● Work required
Leaving the pictures aside, return all of the data below exactly.

● Dataset section
┏━━

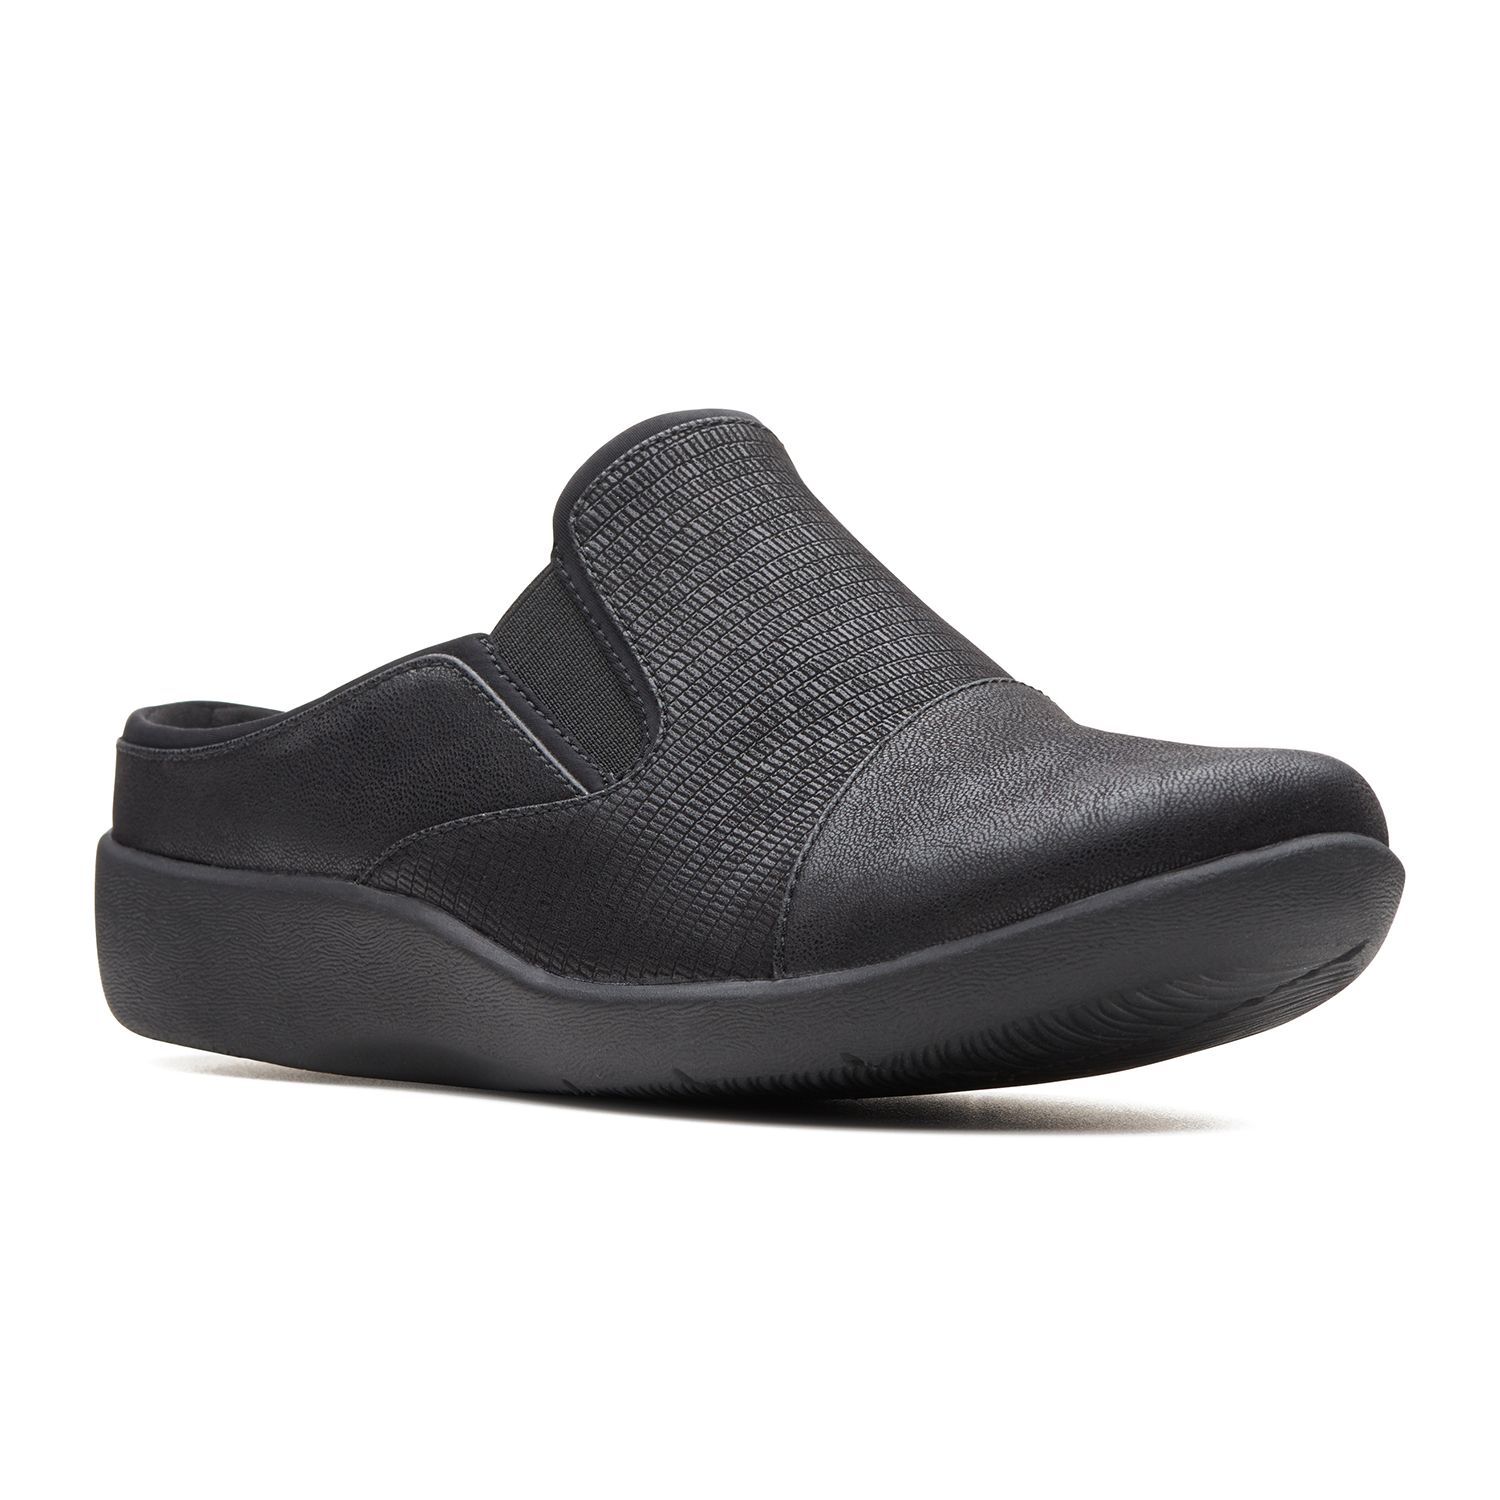 clarks cloudsteppers sillian free
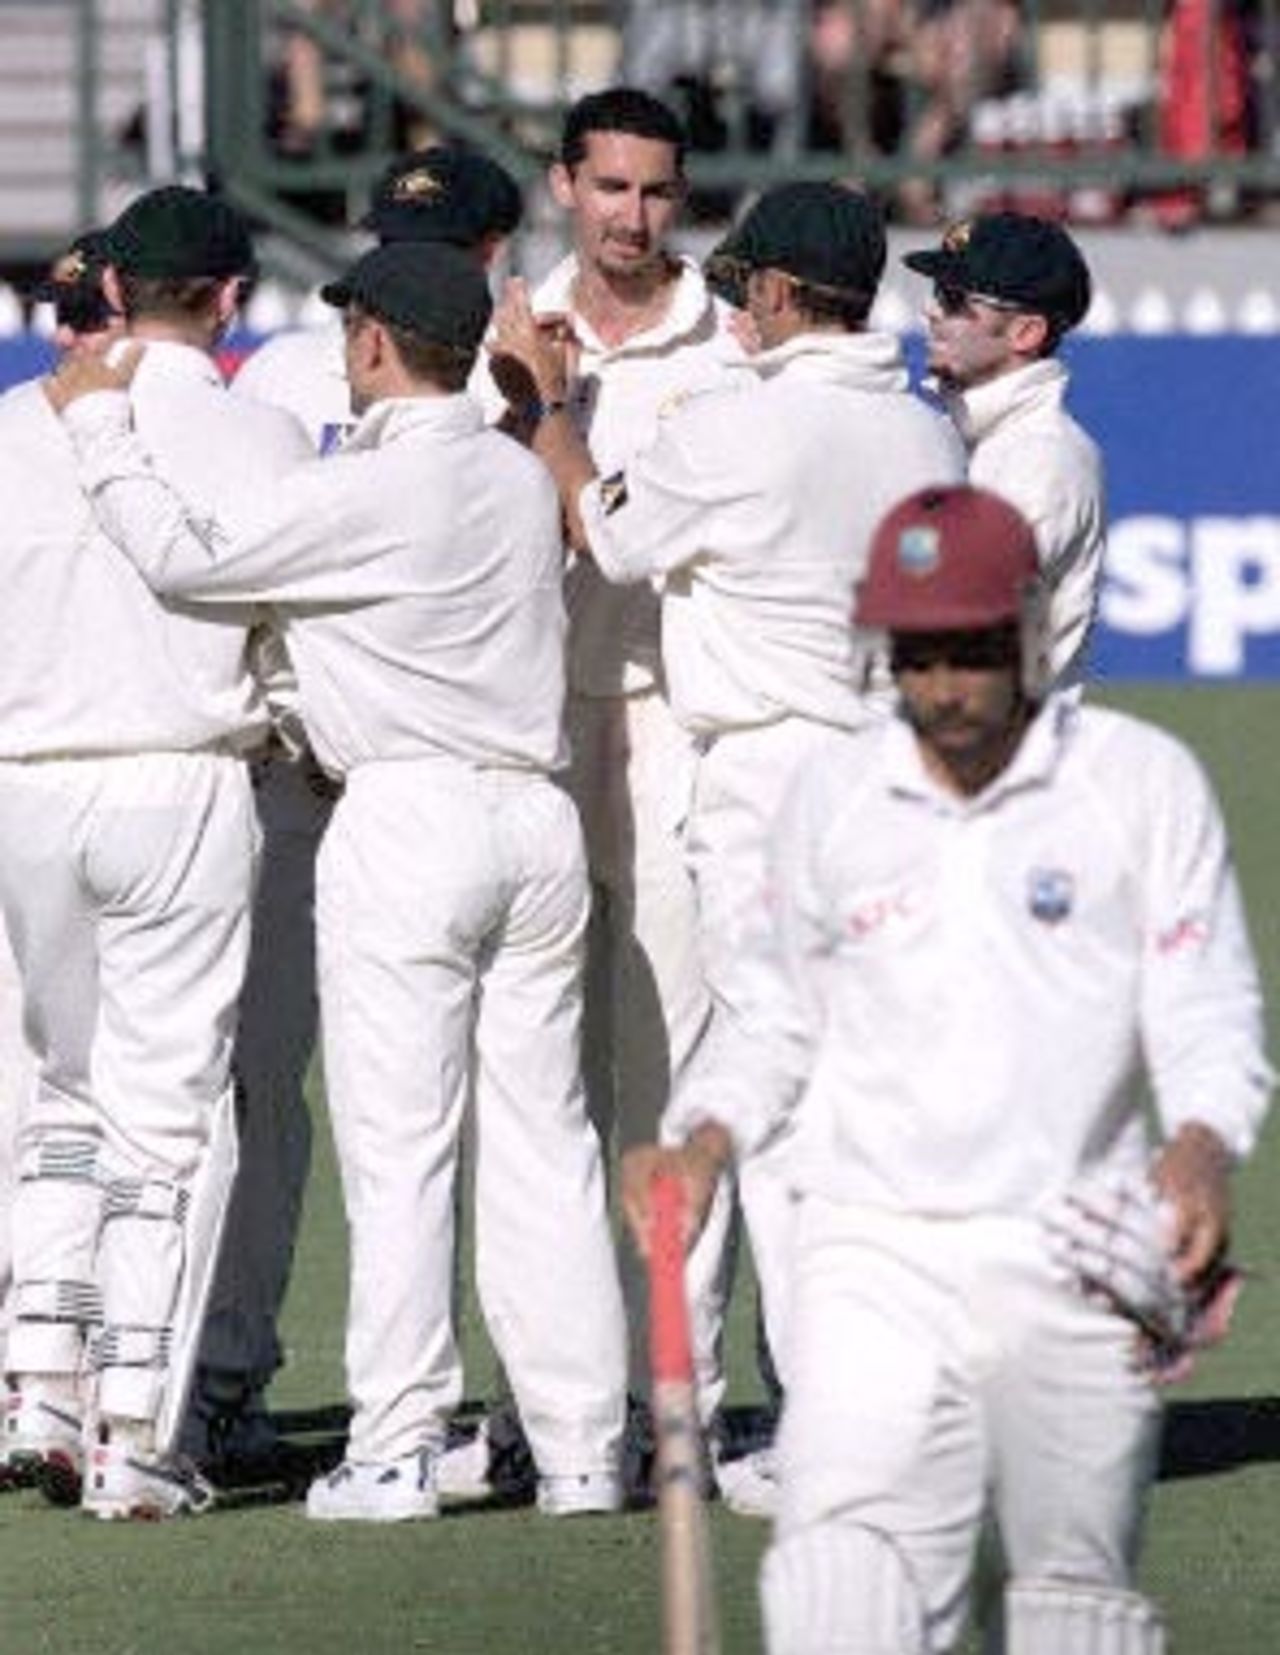 Australian fast bowler Jason Gillespie (3rd R, at back) is congratulated by teammates after taking the wicket of West Indies captain Jimmy Adams (leaving field) for 49 runs on the first day of the third test against the West Indies at the Adelaide oval 15 December 2000. Gillespie took all four wickets to fall, with the West Indies finishing the day on 4 for 274 runs, with Lara not out on 136 and Dillon not out on 3.
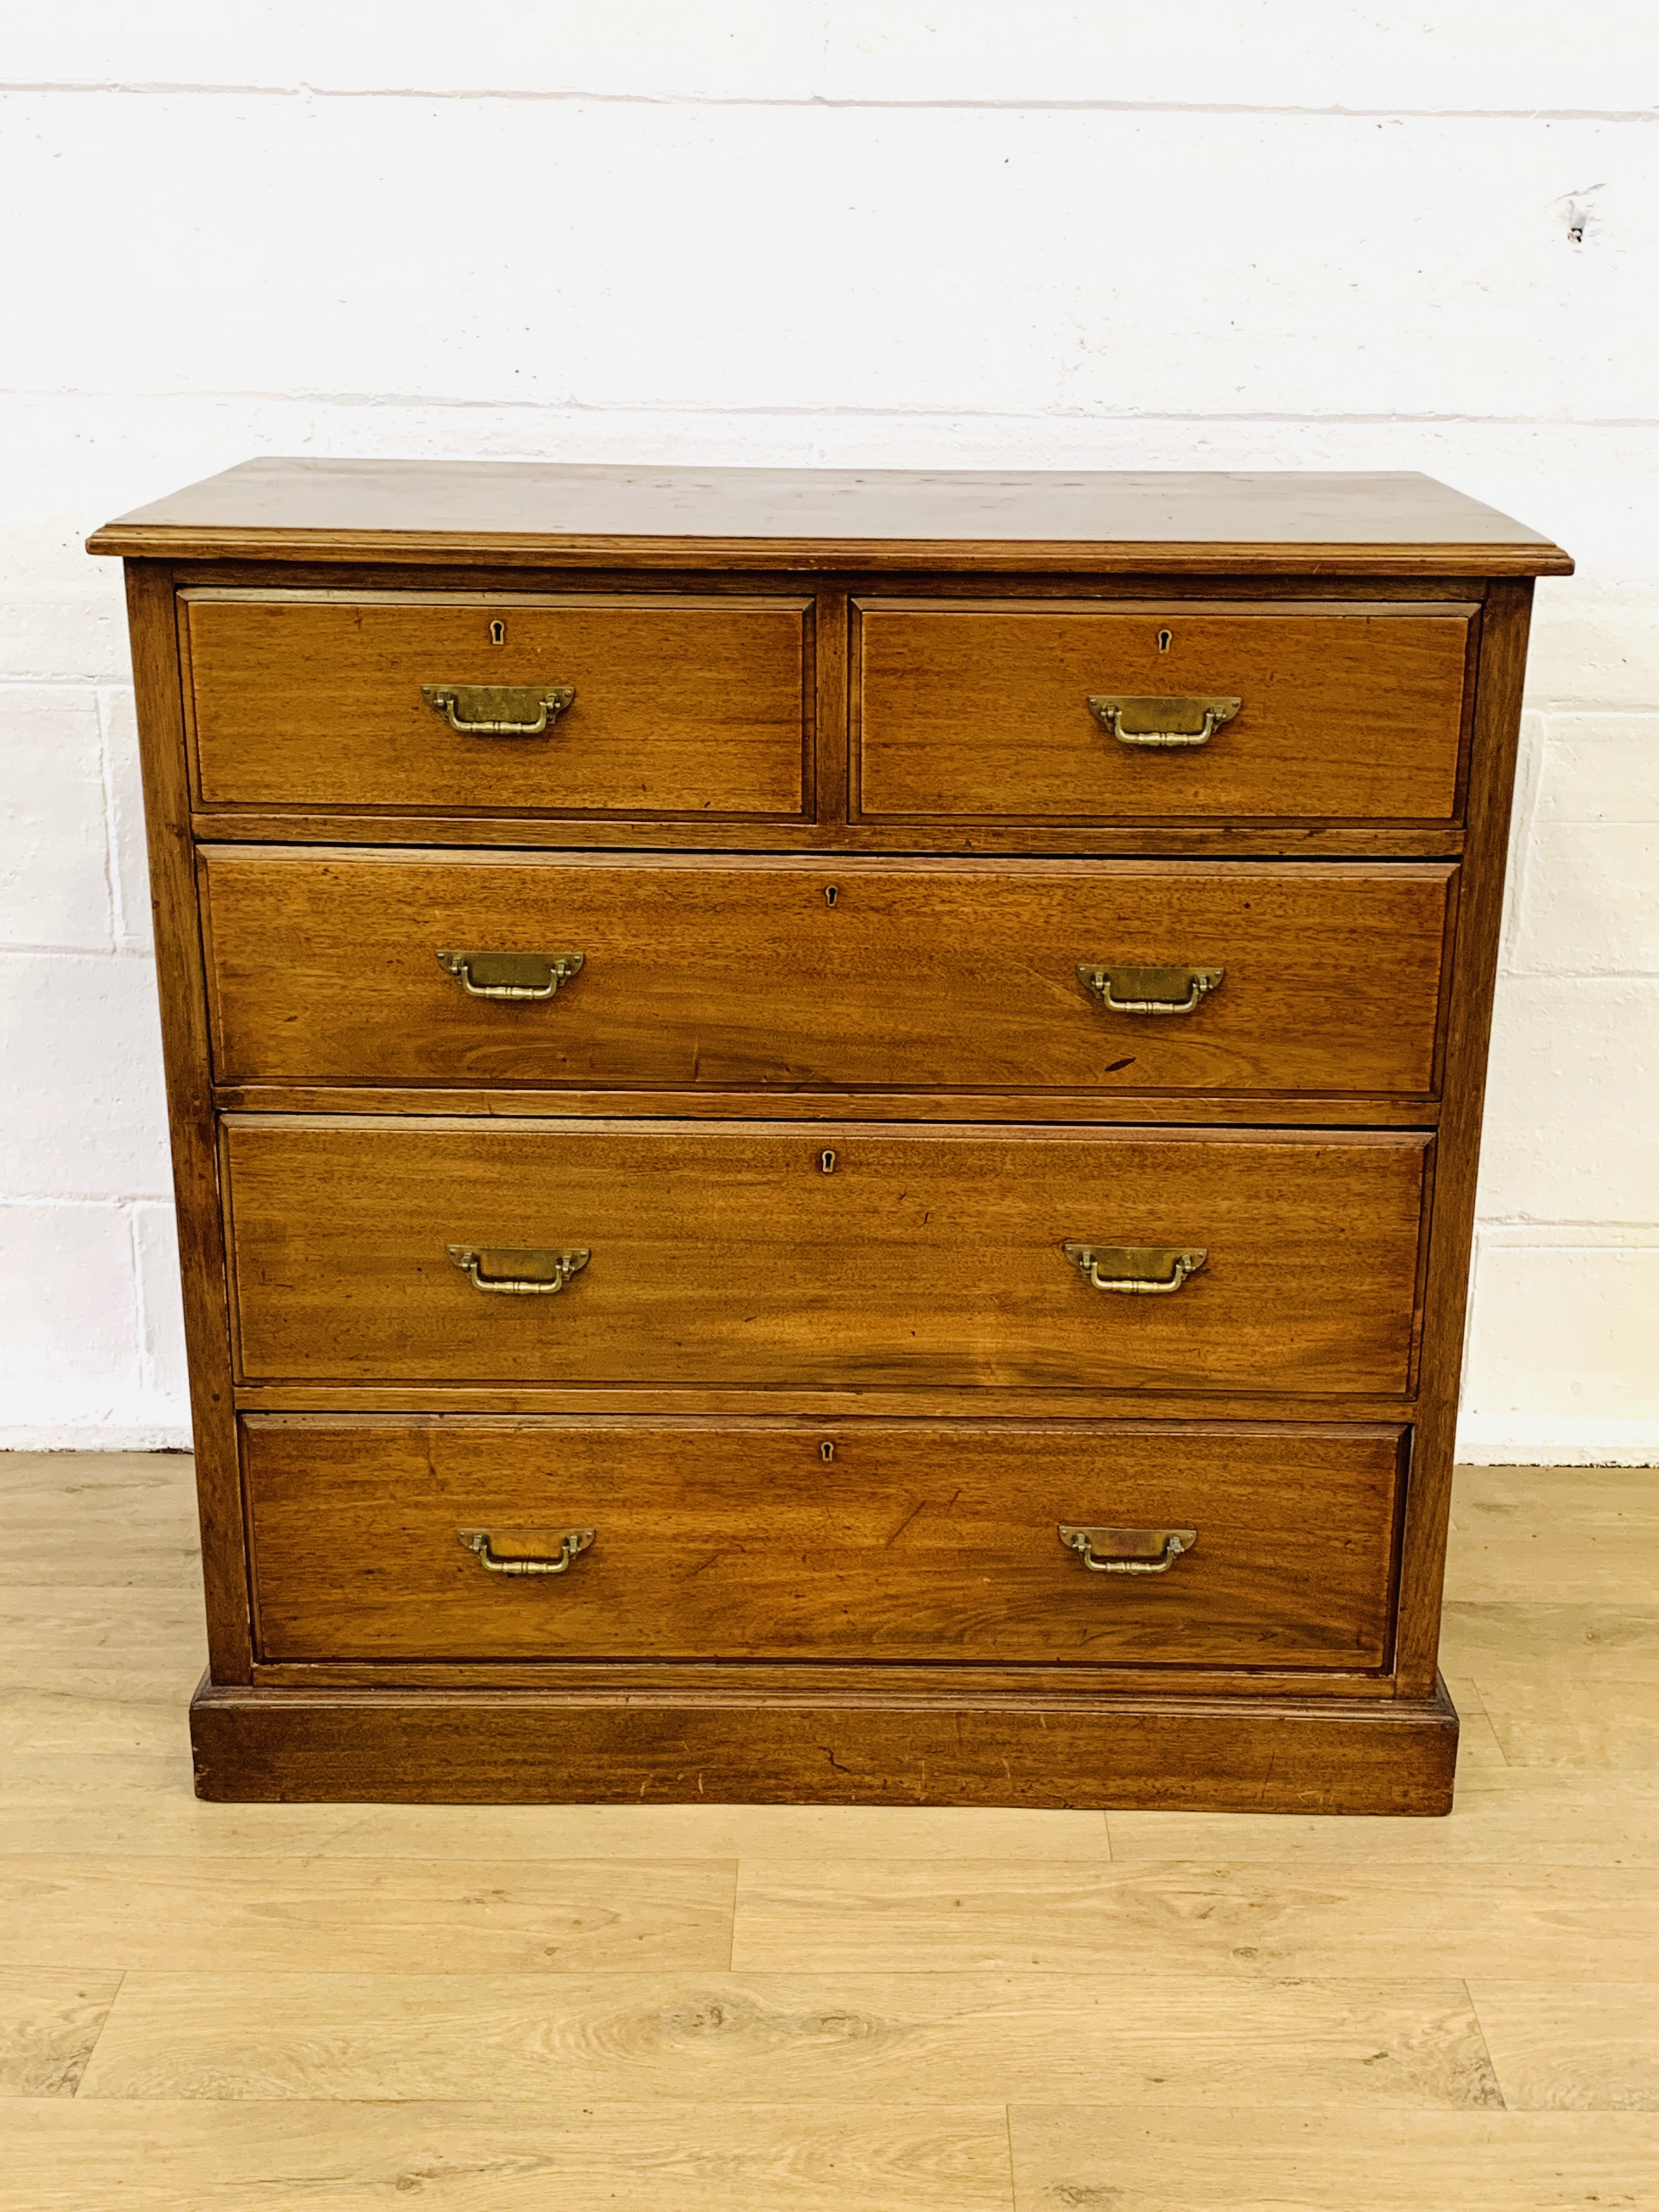 Mahogany chest of drawers - Image 5 of 8

┗━━

● Task output
 clarks cloudsteppers sillian free
 Australian fast bowler Jason Gillespie (3rd R, at back) is congratulated by teammates after taking the wicket of West Indies captain Jimmy Adams (leaving field) for 49 runs on the first day of the third test against the West Indies at the Adelaide oval 15 December 2000. Gillespie took all four wickets to fall, with the West Indies finishing the day on 4 for 274 runs, with Lara not out on 136 and Dillon not out on 3.
 Mahogany chest of drawers - Image 5 of 8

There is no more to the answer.